[Material provided]
============
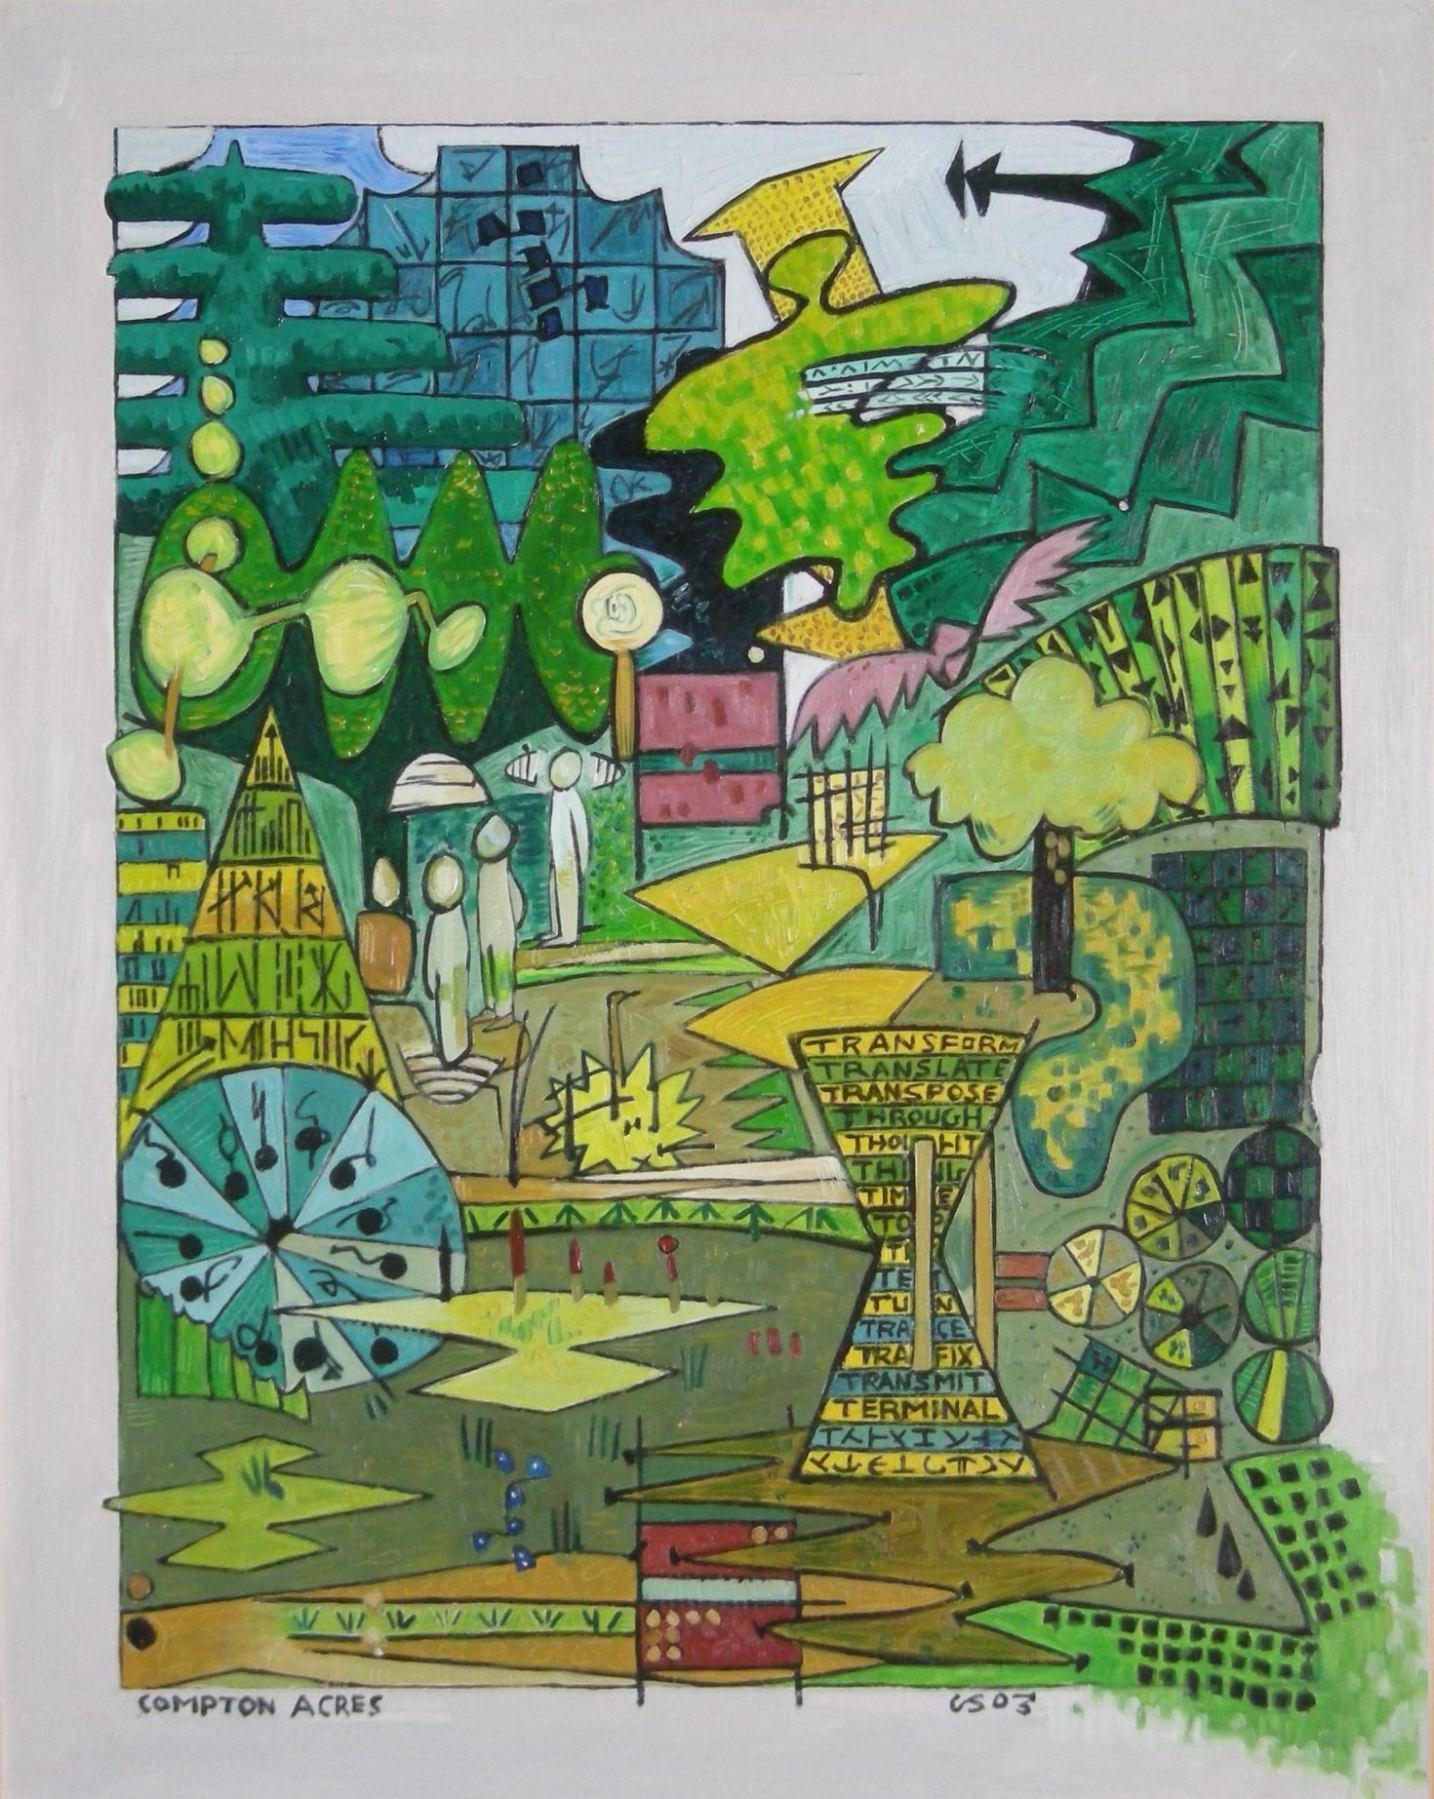 Compton Acres - Gerry Shepherd
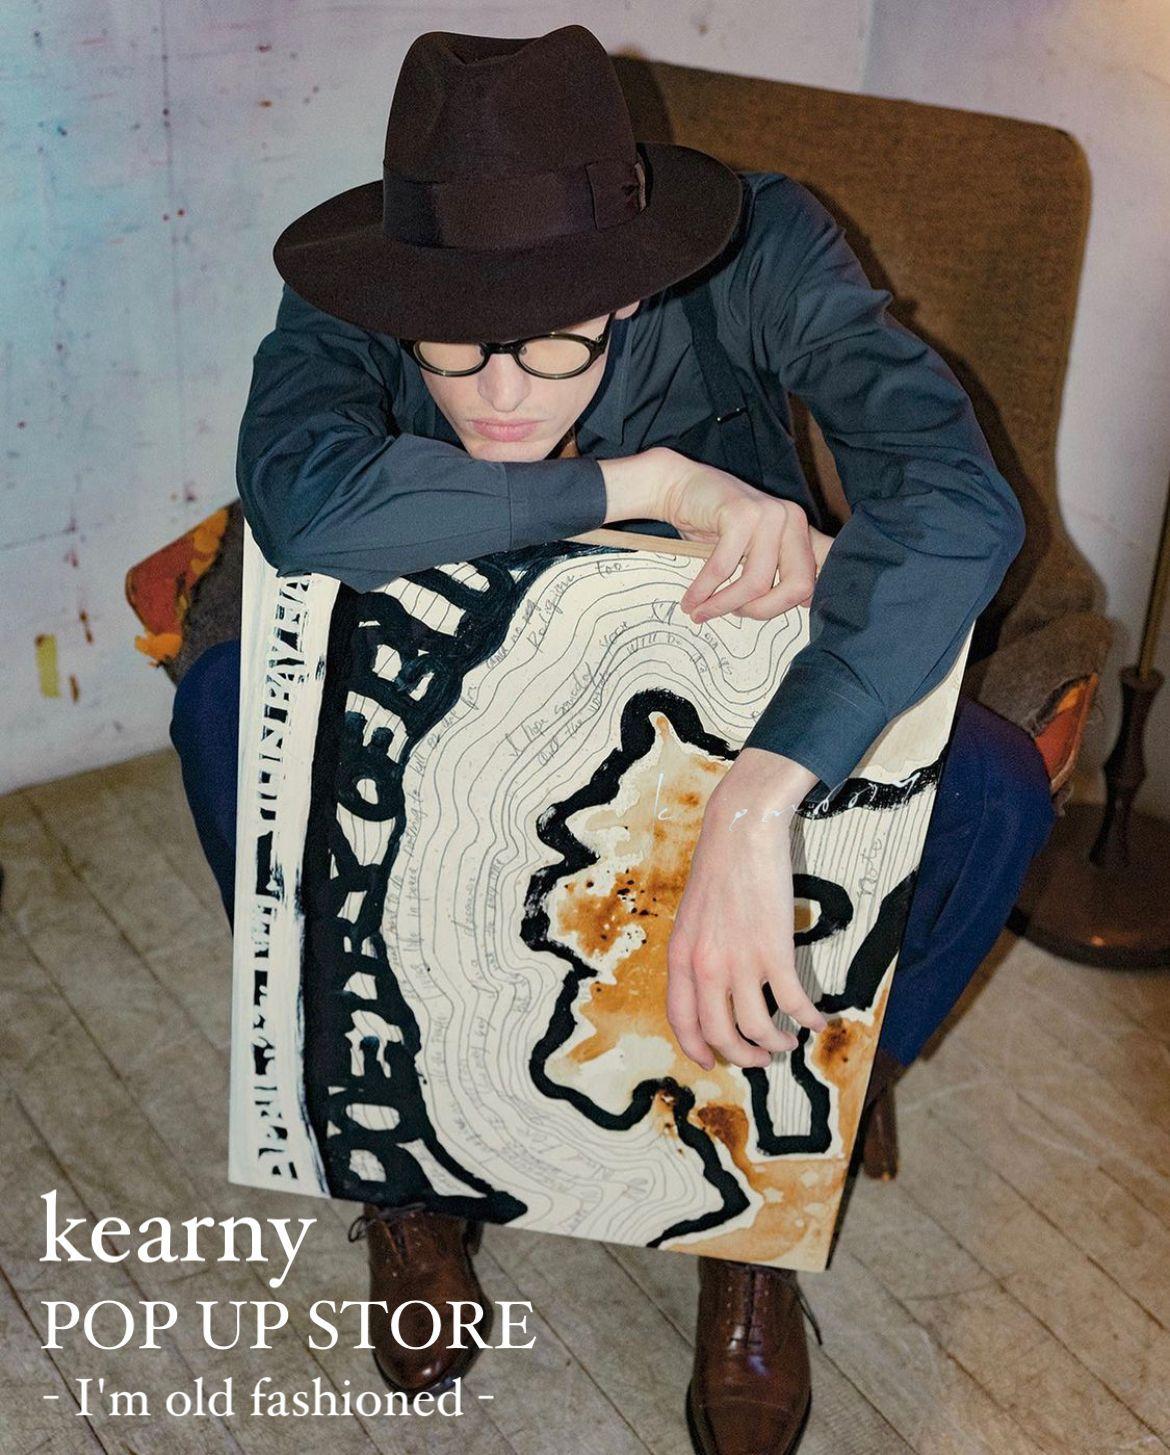 kearny POP UP STORE - I'm old fashioned - 8/7-10の写真
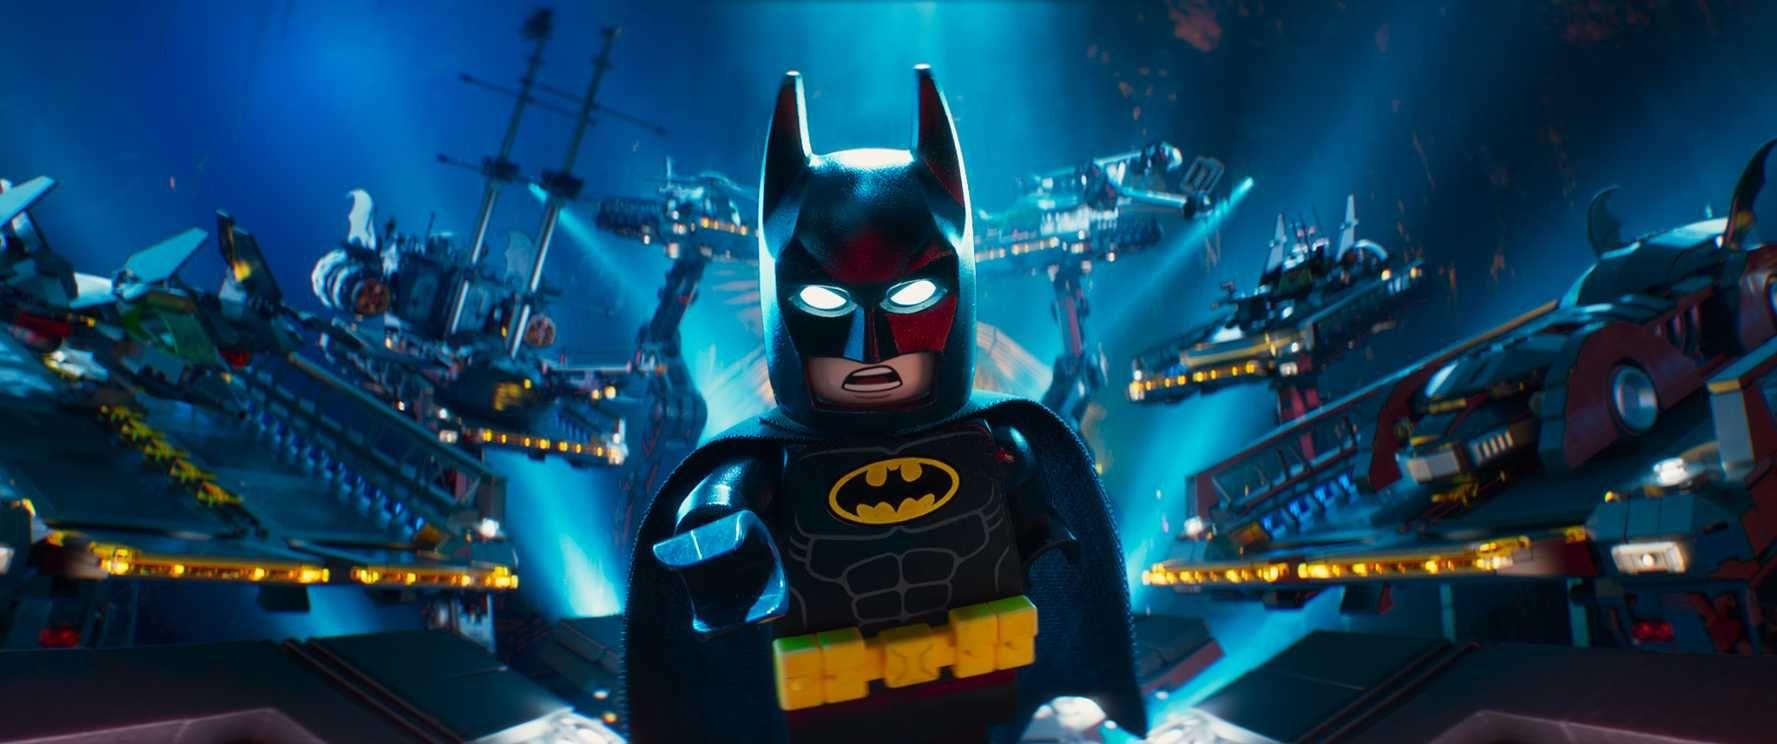 The LEGO Batman Movie (2017) Torrent Download DVDRip YIFY ...
============
Restate word for word the lines above that start at the line containing "kearny POP UP" and run to the end of the listing; exclude the pictures.

[Response]
 kearny POP UP STORE - I'm old fashioned - 8/7-10の写真
 The LEGO Batman Movie (2017) Torrent Download DVDRip YIFY ...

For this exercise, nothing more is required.